Why it is different between -2147483648 and (int)-2147483648

Question

When I run the following code under Windows7 x64, compiled with GCC of MinGW, the result seems to be underflowed:

cout<<-2147483648 ;    //Output: 2147483648

but when I assigned it to a integer variable, or just simply convert it to the int type :

cout<<(int)-2147483648 ; //Output: -2147483648

So, what's wrong with the previous version of my code? Istn't it the type int? or what the lower bound the Integer is exactly? Many thanks.

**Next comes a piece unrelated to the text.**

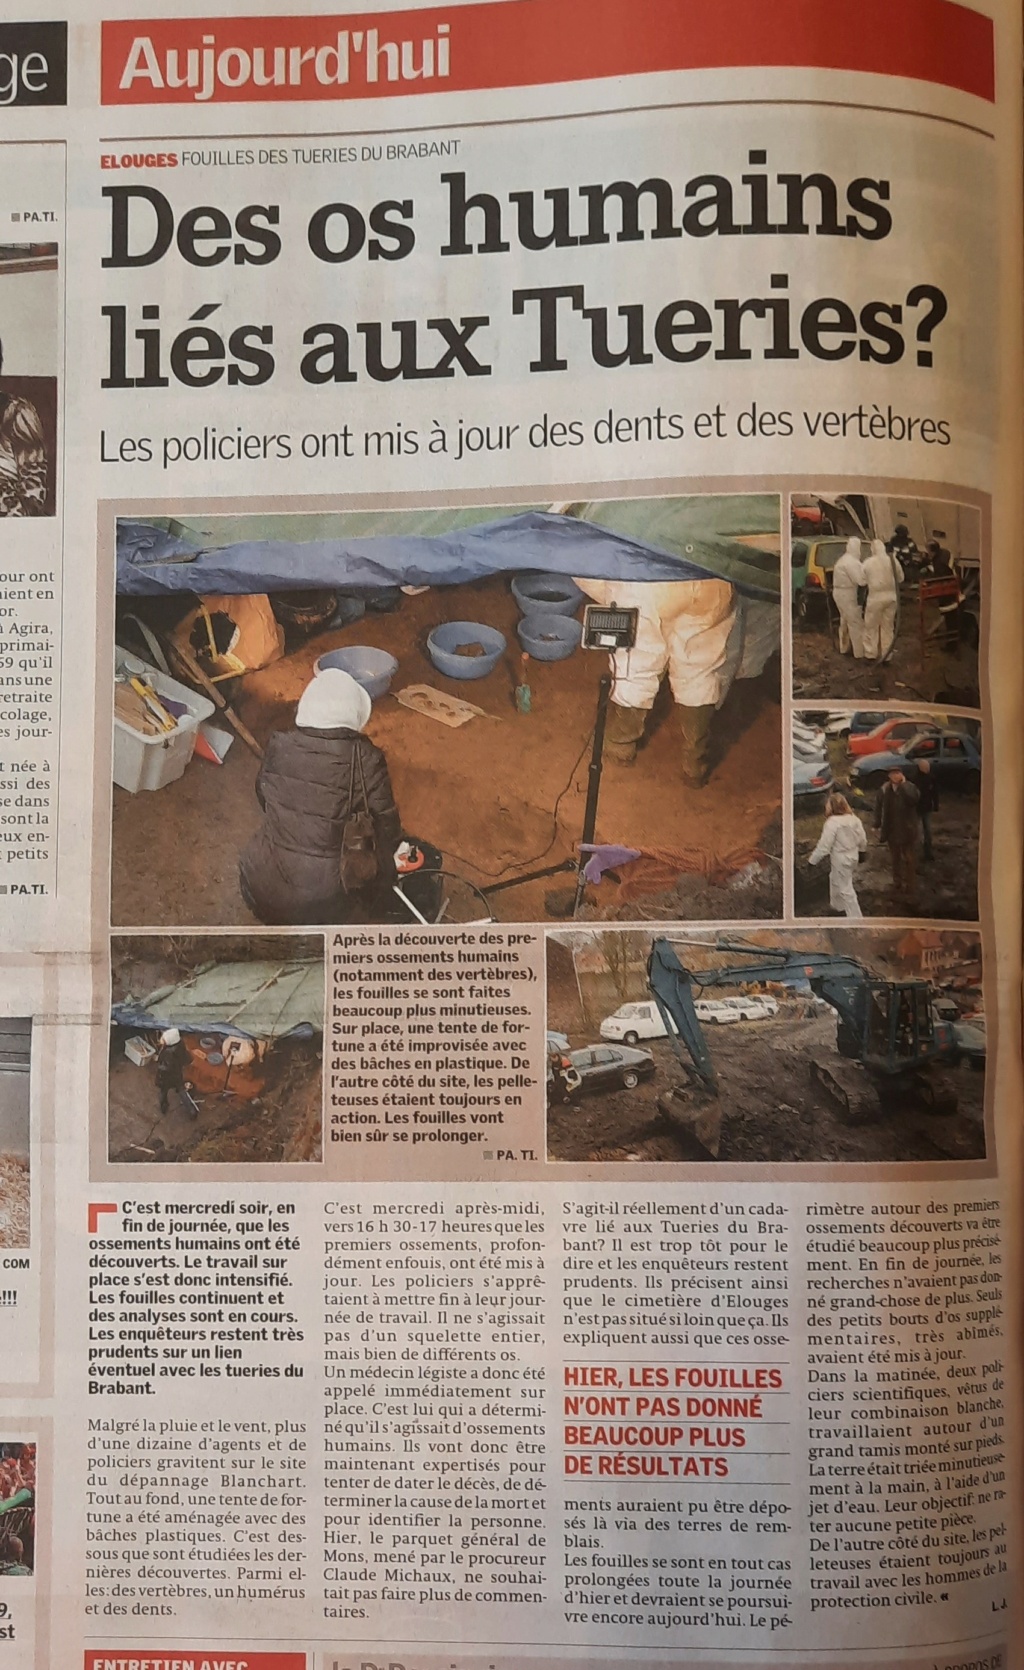 lesoir.be 20/01/2009 (fouilles dans le Borinage) - Page 6 20090113

Looks like `clang` and `g++` don't agree on this: http://nopaste.info/fea6d05c3c.html — akappa, Sep 27 '12 at 12:05
[Why is -(-2147483648) = - 2147483648 in a 32-bit machine?](https://stackoverflow.com/q/42462352/995714), [Casting minimum 32-bit integer (-2147483648) to float gives positive number (2147483648.0)](https://stackoverflow.com/q/11536389/995714), [Why is 0 < -0x80000000?](https://stackoverflow.com/q/34182672/995714) — phuclv, Aug 15 '21 at 08:48

score 11 · Accepted Answer · 2012-09-27T12:10:52.467

11

2147483648 doesn't fit into an int or a long on your system, so it's treated as a constant of type unsigned long. (Edit: as ouah pointed out in the comments, it's undefined behaviour in standard C++, but your compiler accepts it as an extension.) Negating an unsigned integer value is possible, but results in another unsigned integer value, never a negative number. Negating 2147483648UL produces 2147483648UL (assuming, as is the case on your system, that unsigned long is a 32 bit type).

Casting that to int produces an implementation-defined result, commonly the result you see, but not necessarily. You can get the result you want without any conversions by writing -2147483647 - 1.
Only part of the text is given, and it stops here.